As the search for a missing autistic child continues in New York City, Senator Chuck Schumer (D-NY) is proposing a tracking initiative that could help to prevent similar stories from happening across the country. Schumer has requested that the Department of Justice begin funding voluntary programs that would give tracking devices to schools and caretakers who ask for them. The tracking devices might be worn around the wrist or ankle or looped between shoelaces, and would allow local law enforcement to locate children with autism who have run away.

"Unfortunately, this is not uncommon."

In a letter to Attorney General Eric Holder, Schumer points out that the DOJ has previously funded similar programs aimed at offering tracking devices for individuals with Alzheimer’s. Children and teens with autism, he says, are just as at risk of becoming lost. "Unfortunately, this is not uncommon among children with [autism spectrum disorders]," Schumer writes, noting that a study by the Interactive Autism Network and AWAARE found that nearly half of all children with autism will run or wander off at least once.

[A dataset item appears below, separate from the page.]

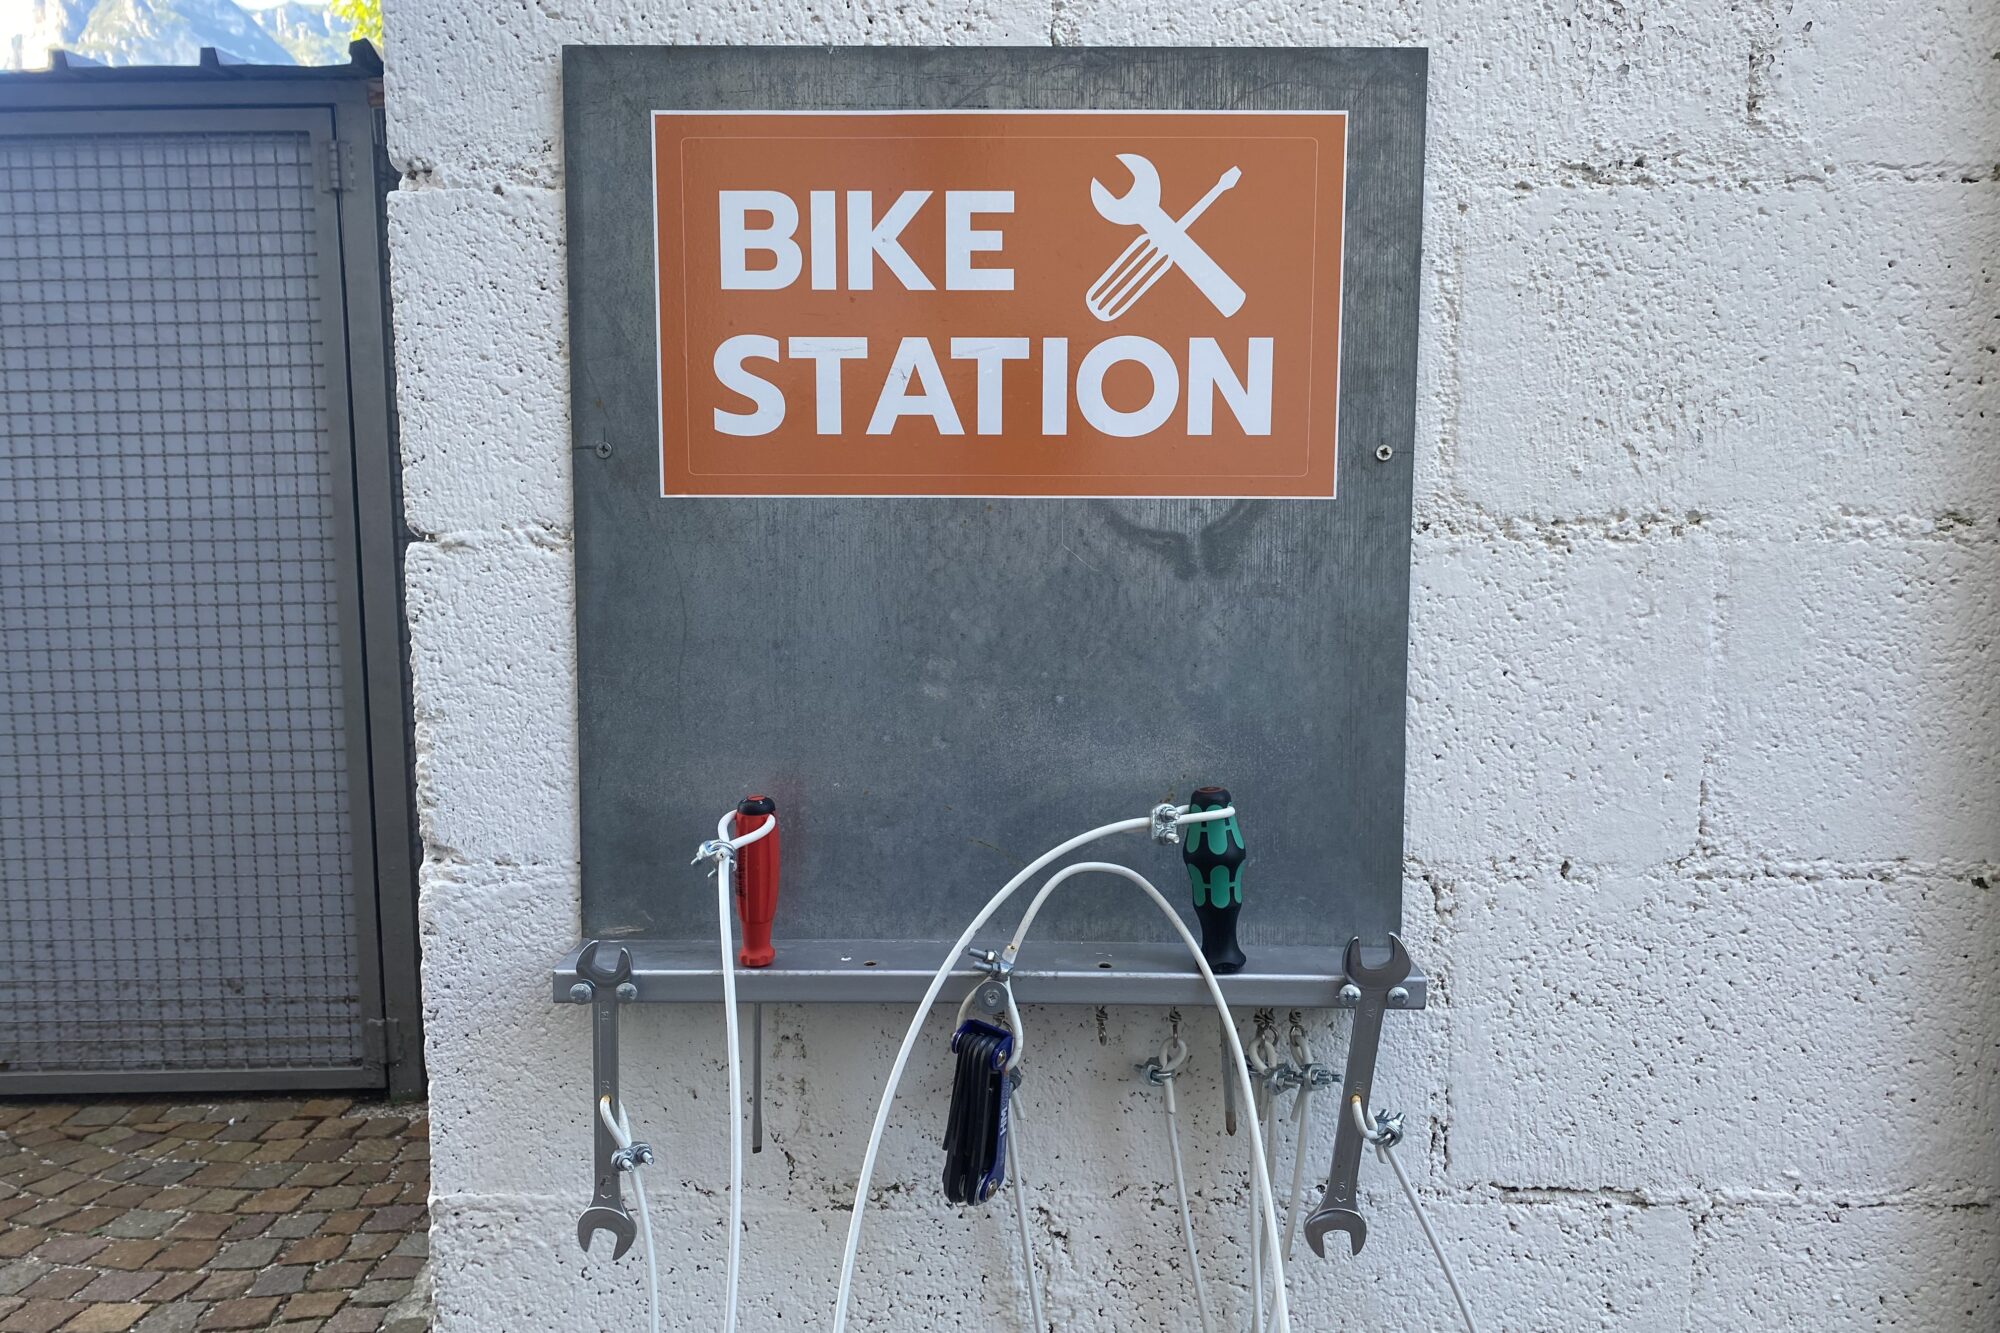 Bike repair area

The manufacturer of one existing tracking device, Project Lifesaver, says that wearing its tracker can reduce recovery time by 95 percent to just 30 minutes on average. But its device costs $99.99, and such an option may not be accessible for all guardians or school districts to employ. In light of Avonte Oquendo going missing in New York last month, Schumer writes that it's worth beginning to fund tracking programs like this: "In the wake of this terrible incident, and the many similar occurrences across the nation, we must do all that is necessary to ensure the safety of our children."